第122ターン 決戦は来週日曜日
不慮の事故から身体の自由を失った高校生、日乃本純は格闘ゲームのプロを目指して立ち上がる。涙と感動の格ゲー小説。
音々が医療法人花崎会の受付奥の事務室、通称「夢の穴」に顔を出すと、純、花崎、クー子が一生懸命にコントローラーを握っている。
純と花崎にはmakoが、クー子にはムードが付いて細かく指導を行っている。レジェンド夢原の後任コーチ達は見事にその役割を果たしている。弟子らの成長が目覚ましい。
「皆さん、差し入れですよ。」
音々が声をかけると、ありがとうございます、助かります、サンキューソォマッチ、などなど感謝の返事が帰ってくる。弟の純だけは高菜お握りは俺っちのだぞ、とぞんざいに言ってみせる。姉への甘えだ。
じゃ、お姉タマのご好意をおよばれしようか♡そうムードが声を上げると皆もコントローラーを置き、一服一服と差し入れをパクつく。

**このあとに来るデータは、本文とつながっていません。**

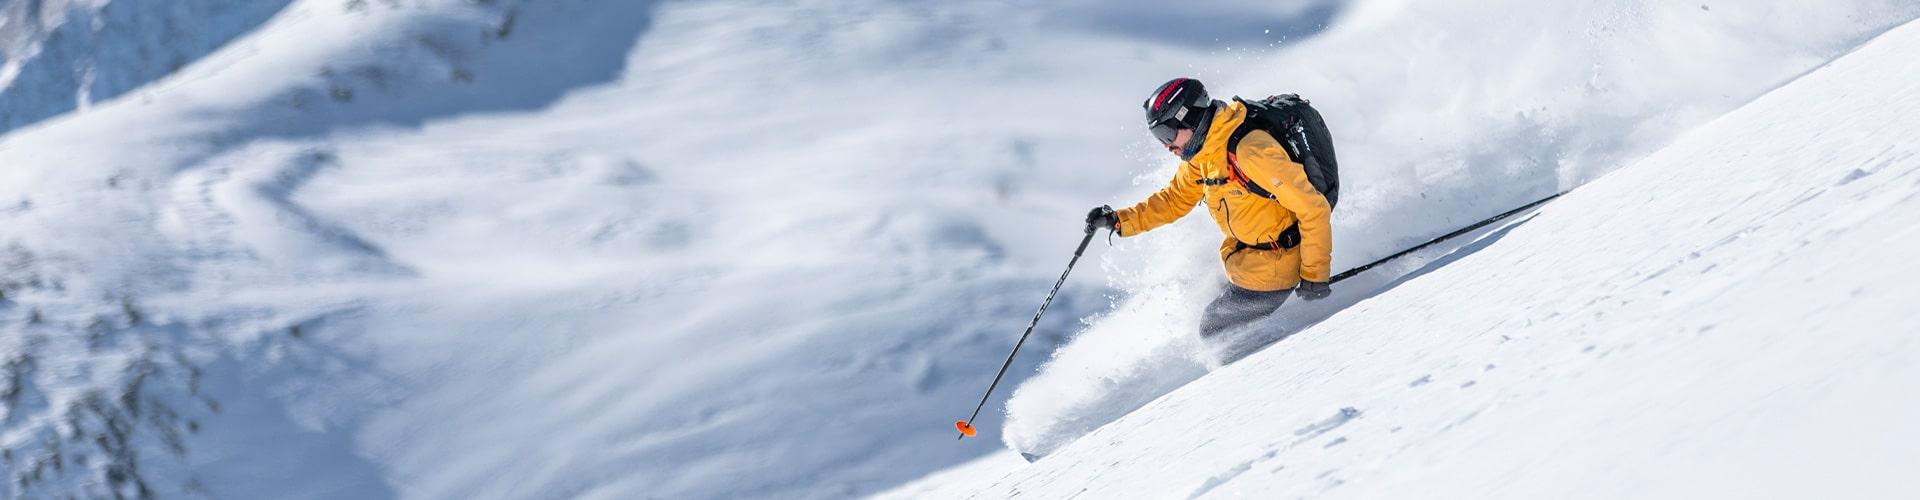 Livigno Off Piste Ski

おにぎり、一口サイズのサンドウィッチ、ハムカツに厚切りバームクーヘン。コンビニのメニューの充実を思う時、長期デフレの正体とは?などと、つい思い巡らせてしまうのが社会派の音々。エヘッ。
ケチャップとマスタードを丁寧に塗ったアメリカンドックでモニター画面を指さしながらmakoが言う。
「ええか、皆。仕上げは連続技、コンボや。休憩の後は、各自」
と、その時、makoの言葉を遮るかのように、にわかに画面が切り替わり、スノーノイズの後、男三人組が写し出された。青木、白井、玄田の神獣倶楽部が「夢の穴」の全モニターをジャックしたのだ。不快指数200%青木が話し始める。

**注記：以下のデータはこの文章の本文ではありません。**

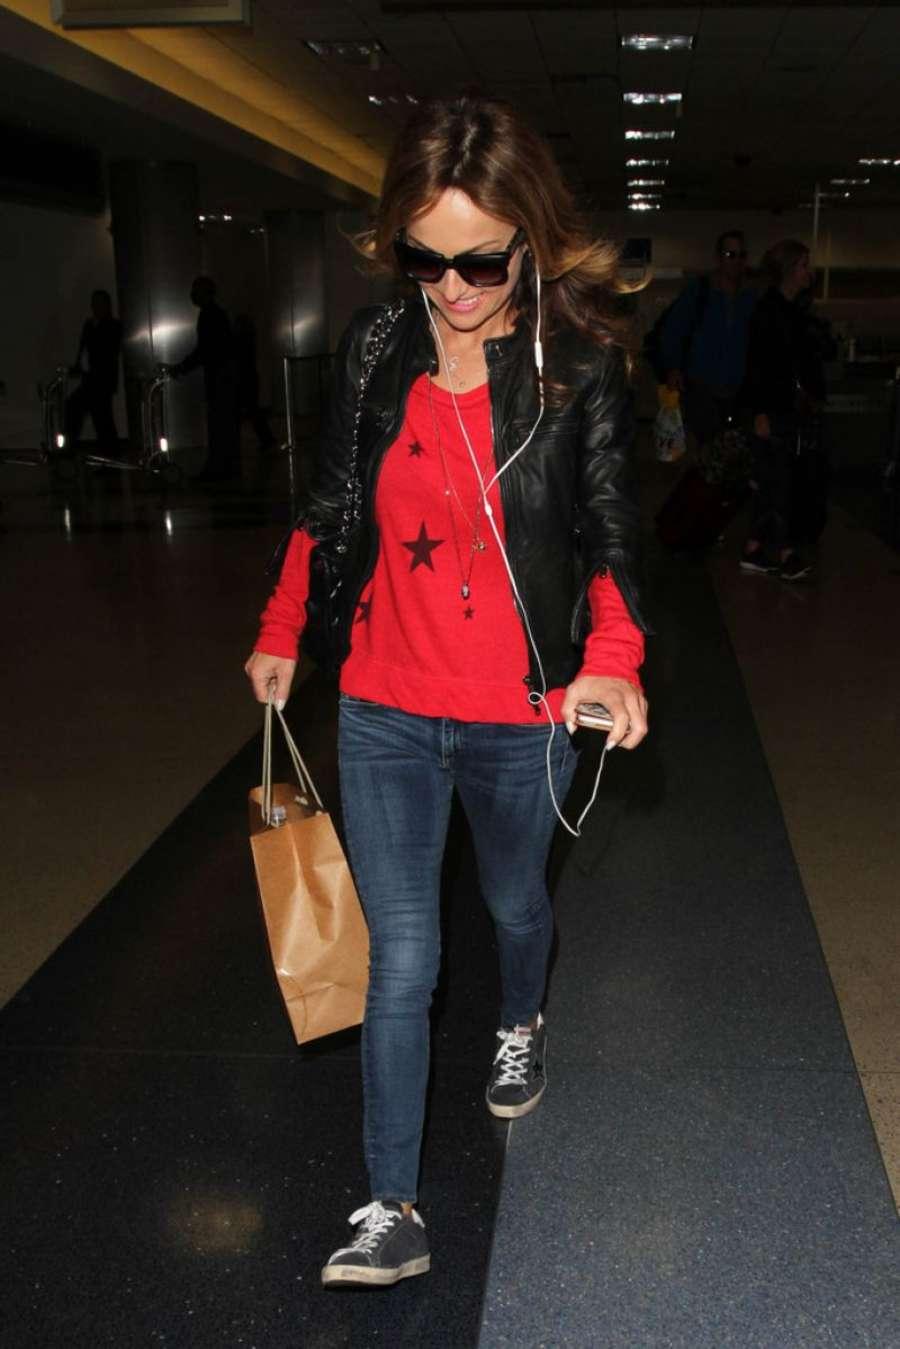 Giada De Laurentiis Arrives at LAX Airport in Los Angeles

「チーム夢原の皆さん、ご機嫌よぉ。この間の約束どおり、いよいよ来週日曜日が私達の決闘の日となりまぁす。時間は正午、場所は、」
すると、再度画面が切り替わり今度はナツメ色の顔に豊かな顎髭をたくわえる、ちょっと物知りなら誰もが知っているあの漢が写し出される。
横浜中華街の関帝廟、ここが会場だ、青木がそう宣言し、三人組はしばらく哄笑したかと思えば、モニター画面は再びスノーノイズに変わった。
古の英雄が眠る聖地が決戦の地。武者震いする純をよそ目に、音々は会場までの車賃を弾いていた。
つづく
人物紹介
・日乃本 純 ひのもと じゅん
本作の主人公。元は少林寺拳法に汗を流す高校二年生。事故で障がいを負い格ゲーでリハビリ中。バト2では日本人空手家リョウを使う。一人称は俺っち。
・クー子 くーこ
純の真ダチ。児童クラブ時代からの付き合い。ハイカラな東京言葉を使うが、実は関西出身。
・音々 ねね
純の姉。両親を早く亡くした純の母親代わり。苦学して一家を支える博識。何か秘密を抱えているようだ。
・花崎 誇 はなさき ほこる
医療法人花崎会の跡取り。純のライバルで格ゲー仲間。アメリカンな空手家ゲンを使う。一人称はミー。
・夢原 省吾 ゆめはら しょうご
伝説のプロゲーマー。落ちぶれ飲んだくれに。純と花崎の指導者としてゲーム界に復帰。音々とは因縁が、、
・花崎蘭子 はなさき らんこ
花崎の妹。兄を侮る高慢な女子高生。自分こそが花崎家の跡取りに相応しいと思っているようだ。一人称はアタクシ。
・蛭田恭介 ひるた きょうすけ
元蘭子の親衛隊長。今はニヒリストを気取り文学と格ゲーに耽る。一人称は小生。
・日乃本尊 ひのもと たける
純と音々の父にして、夢原の師匠。格ゲー黎明期の知る人ぞ知る英雄
・神獣倶楽部 しんじゅう くらぶ
青木、白井、玄田の格ゲー三人組。日乃本尊の実相を知るとされる。純らの次なる対戦相手。
・ムード むーど
夢原が自分の代わりに純らのもとに送りこんだ新コーチ。ちょっとエッチでお尻が好き。
・mako まこ
むーど同様、夢原の仲間で純らの新コーチ。大阪からやって来た理系女子。
・Drケーシー花崎 ドクターケーシーはなさき
医療法人花崎会の理事長にして、花崎兄妹の父。純に格ゲーによるリハビリを指導中。
・事務長 じむちょう
医療法人花崎会の事務方トップにして、花崎家の執事。
・ロードバトラー2
人気の格闘ゲーム。略称バトツー。リョウ、ゲン、ダル・シン、ハシミコフ、チャンリー、ゲイルなど多彩な格闘家が集う。某有名格闘ゲームとは無関係。